“The more you focus on results, the slower the process. The more you focus on process the faster the results.” This quote appeals to many educators. In its purest meaning, the quote is logical. The very act of focusing on how to improve brings about improvement.
For driven school leaders, however, results are high priority. Processes within their school organization is often unseen by their superiors; whereas, the clear cut, black and white results are visible and oftentimes publicized.
Accountability is reality for school leaders. Their jobs depend on whether or not students are meeting or attaining proficiency targets, or making progress respectively. If the data reflects anything other than increased student achievement, school leaders are held responsible. Whether or not this is the way it should be is not the current topic of discussion. The fact remains that this is the present reality of school leaders.
Reaching desired results, as indicated by student achievement, continues to be a focus for school leaders. The process to attain achievement is often overshadowed by the focus on results.
A school leader may ask what impact will the process make, and how fast will it produce desired results. This is a valid question given the school leader’s responsibility to ensure that students are being prepared for the next level of their education and life in general. To say that process is more important than results to a school leader.
Rather than dismissing the importance of results, there should be an emphasis on utilizing a process for desired results.
Understanding the difference between results and goals is key.
♦Results are the product—that is, what happened because of specific actions. Results should be referenced when creating goals.
♦Goals are the desired state—that is, where the school would like to be after implementing the process for goal attainment.
Ideally, results will exceed the goal. Results mirror the goal on rare occasions. Although the results and goals may match, they are designed for different purposes and are not the same.
It is important to consider results and goals before exploring the following suggested process or practice to attain desired results.
Step 1. Develop a strategic goal—A strategic goal based on data is the “what”—as in what will be accomplished. This backwards design concept (Wiggins & McTighe, 2005) [beginning with the end in mind] sets a clear focus. A wise person once said, “If you don’t know where you’re going, you’ll probably end up somewhere else.” Thus, a strategic goal is the destination which prompts further thought for a plan or process for reaching the desired destination.

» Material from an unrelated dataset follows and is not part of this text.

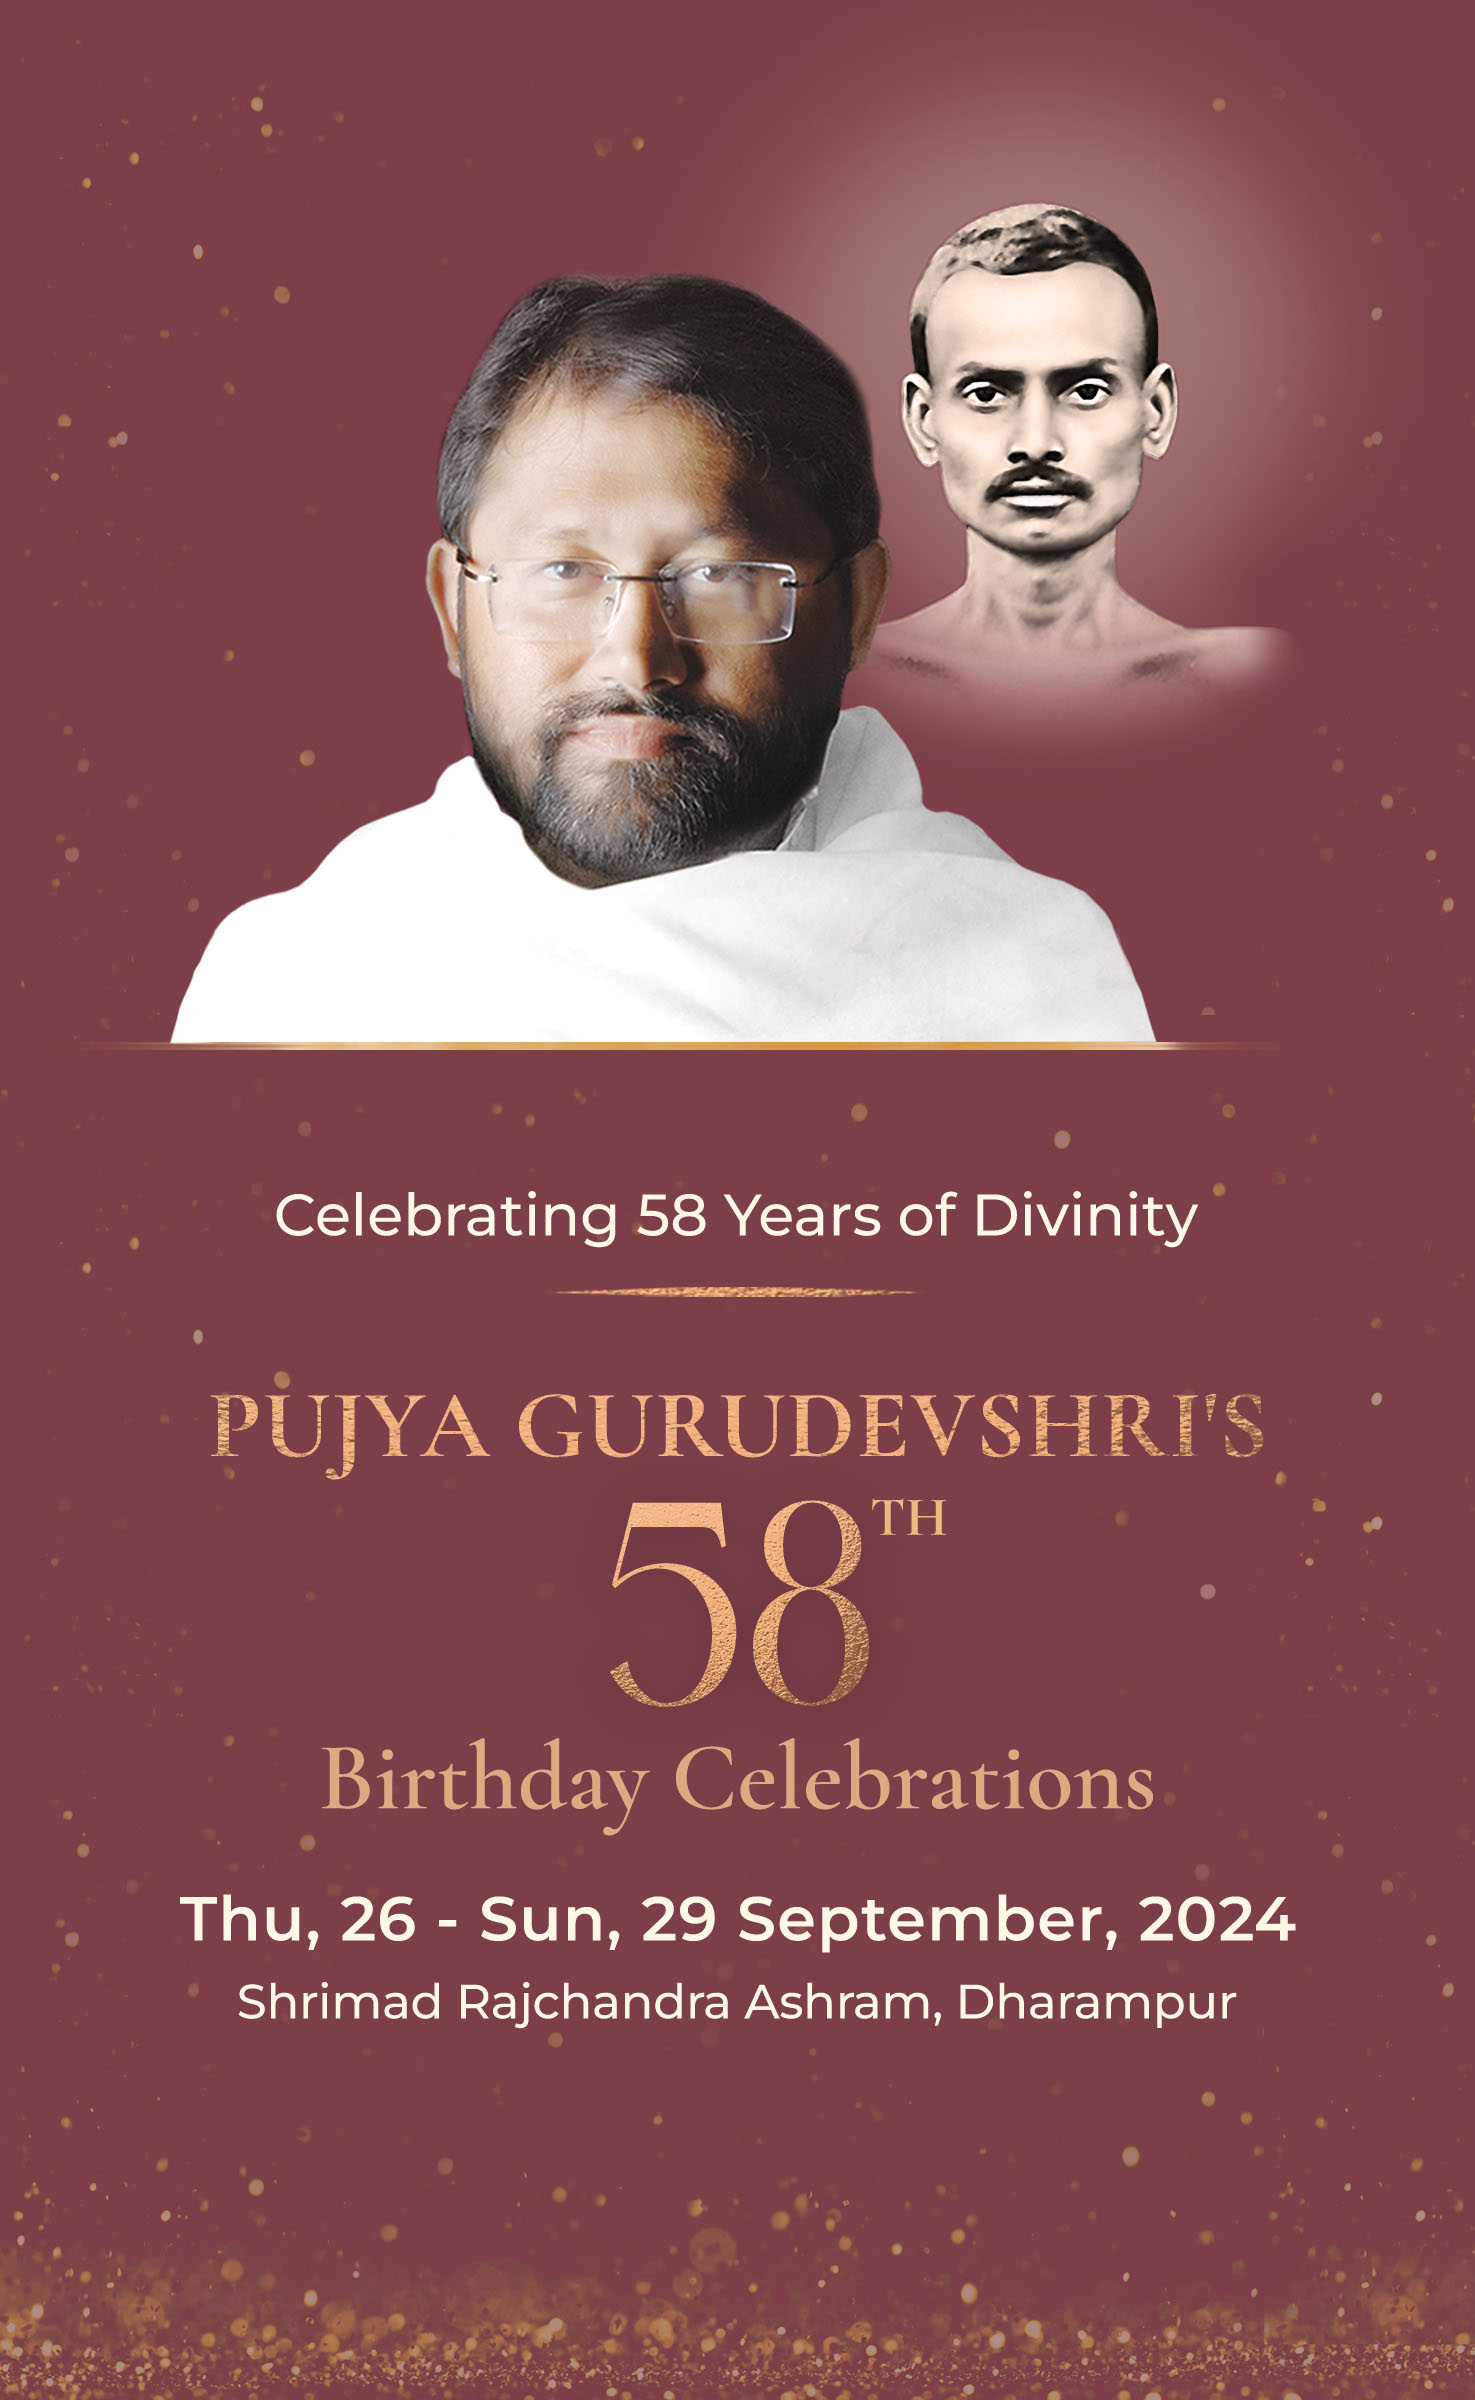 Pujya Gurudevshri Rakeshji's 58th Birthday Celebrations

Step 2. Determine process for goal attainment—Since the goal has been established, a process for reaching the goal can now be developed. This process has a two-fold purpose.
♦As a roadmap for how to attain the strategic goal, the process itself could include several projects. For example, if teacher intentional lesson planning is a component of the strategic goal, then the process of collaborative standards-based planning and peer practice may be a focal point for professional learning community discussions. To follow up, feedback to teachers from school leaders’ class visits may include particular “notices” and “wonderings” about plans for specific instructional strategies.

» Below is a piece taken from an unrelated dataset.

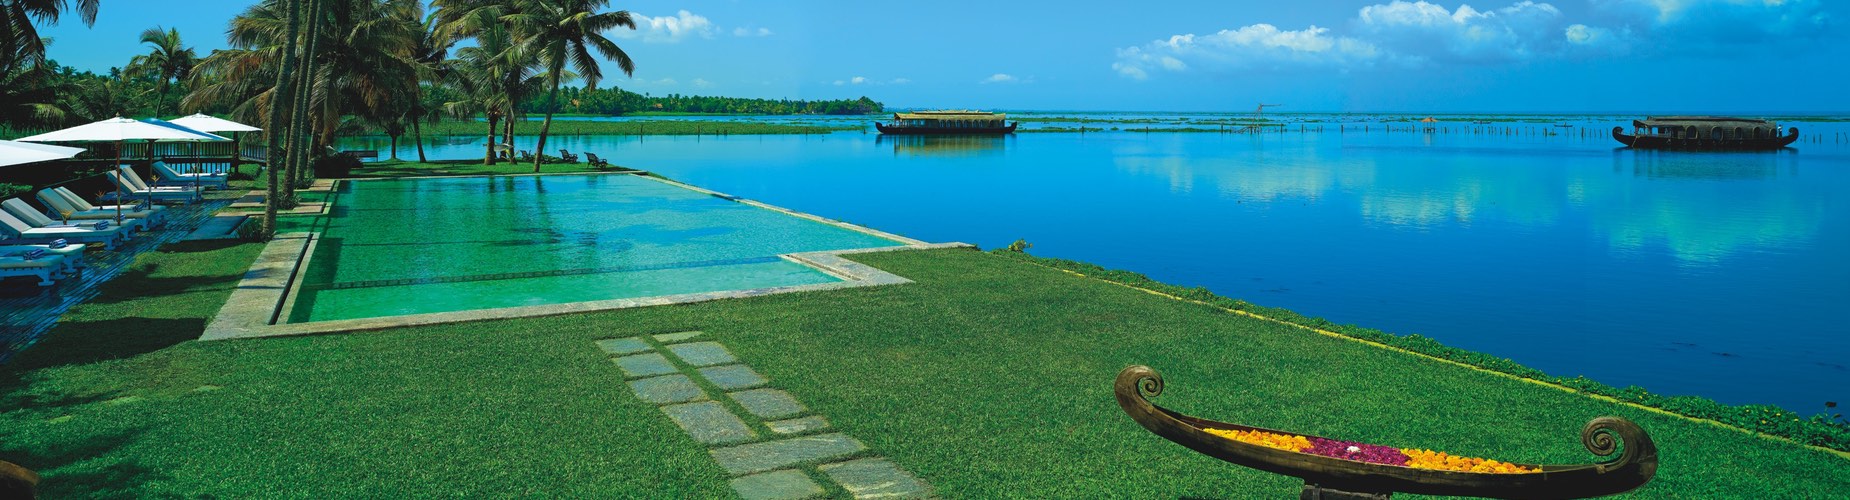 Contact Us : Kumarakom Lake Resort
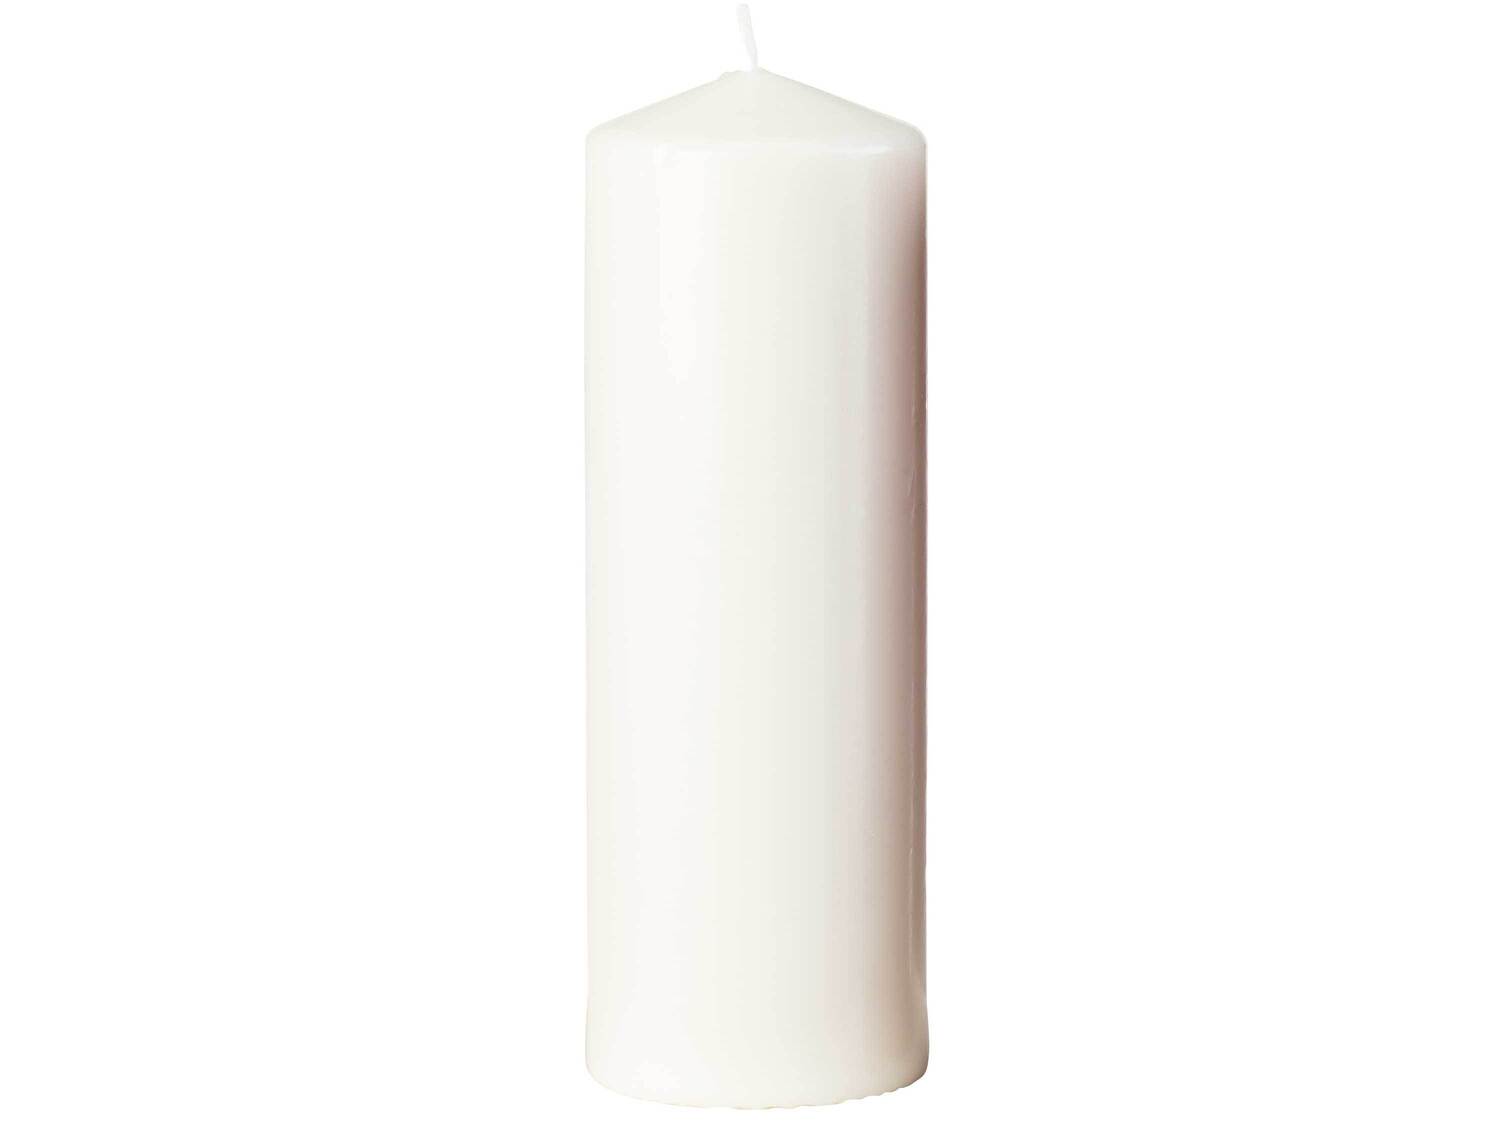 Świeczka Melinera, cena 14,99 PLN  
wymiary: 7,8 x 23 cm (Ø x wys.)
Opis

♦The process is also a channel in which school leaders can embed supportive structures to help teachers meet the desired goal. Teacher mentors, co-teaching, coaching cycles, and informal instructional rounds are just a few supportive structures that school leaders may incorporate for teacher benefits. If thoughtfully planned, the process can help school leaders move teacher practice from ritual compliance to “habits of thinking” for constant improvement of effective instructional practices (Fink & Markholt, 2011).
Step 3. Monitor progress towards goal—Progress monitoring can include a variety of data points including: formative and summative assessments, classroom visits, one-on-one conversations with teachers, etc. Data informs. It gages how well school leaders and teachers help students. It also reveals how well leaders support teachers, as teachers help students. Leaders must first decide which data to utilize and how it will be used.

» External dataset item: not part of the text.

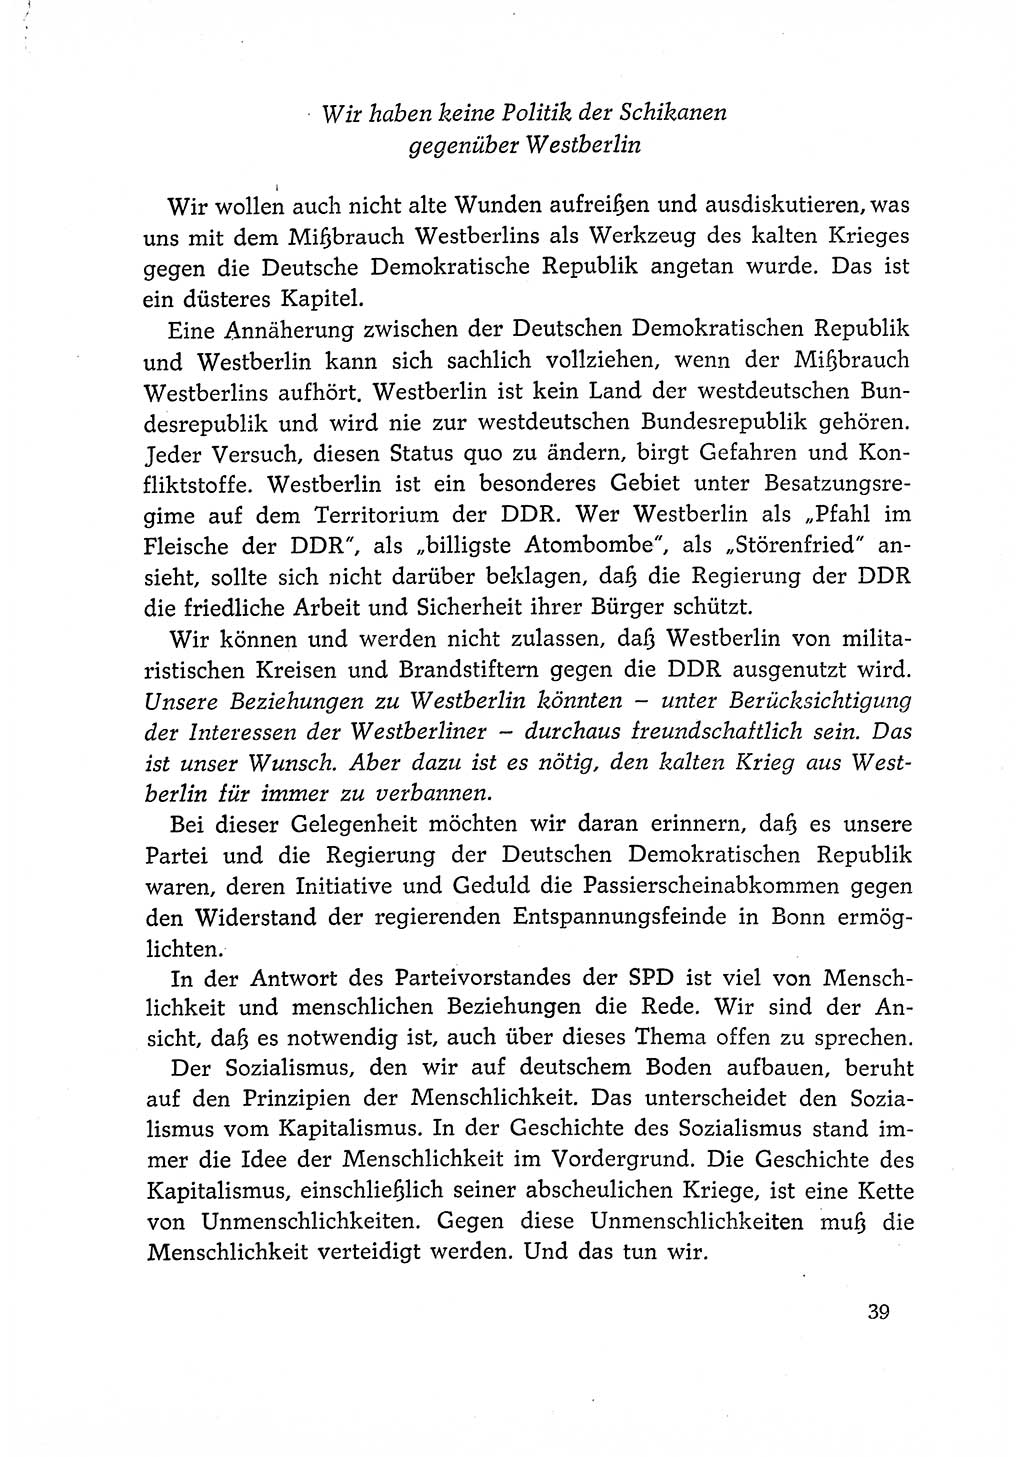 Dokumente der Sozialistischen Einheitspartei Deutschlands (SED) [Deutsche Demokratische Republik (DDR)] 1966-1967, Seite 39 (Dok. SED DDR 1966-1967, S. 39)

A school leader who is aware of students’ performance by teacher data can better pose questions to prompt teacher reflection of how the data correlates with classroom instruction. Questions posed and leader-teacher conversations will enable the leader to assess teachers’ current state and progress towards a set goal. The process of progress monitoring is more about how to help and less about where to place blame. It’s about being fully present with the individuals working towards accomplishing the goal.
Step 4. Adjust accordingly—Some say, “The data doesn’t lie.” While this is true, the black and white of numerical data neglects to tell the whole story. It may not reveal action steps prior to the data collection. Rather, data informs of progress towards the goal and adjustments needed. After data collection and analysis, conversations amongst leaders and teachers should result in what worked, what did not, and adjustments necessary for improvement. Adjustments may require revisiting any of the steps above. It should be noted that steps in the process are recursive. During plans for improvement, each step should be revisited when necessary.
When thoughtfully planned, a process is results driven. Transparency of the process considers the positions of involved individuals, where they need to go, and how to get them there.
A transparent process serves as a roadmap to attain an explicit goal and will likely yield desired results. Transparency of the process establishes trust. Working through a trusted process will also build a more cohesive team effort amongst those who appreciate a clear direction and plan for reaching the desired goal.
The process is a tool that will succeed or fail based on who implements it. The process is just that. It is nothing more. It is about the people working the process for desired results.
Fink, S. & Markholt, A. (2011) Leading for instructional improvement. San Francisco, CA:Jossey-Bass. ISBN-13: 978-0470542750.
Wiggins, G. & McTighe, J. (2005) Understanding by design. Alexandria, VA: Association for Supervision and Curriculum Development. ISBN-13: 978-0131950849.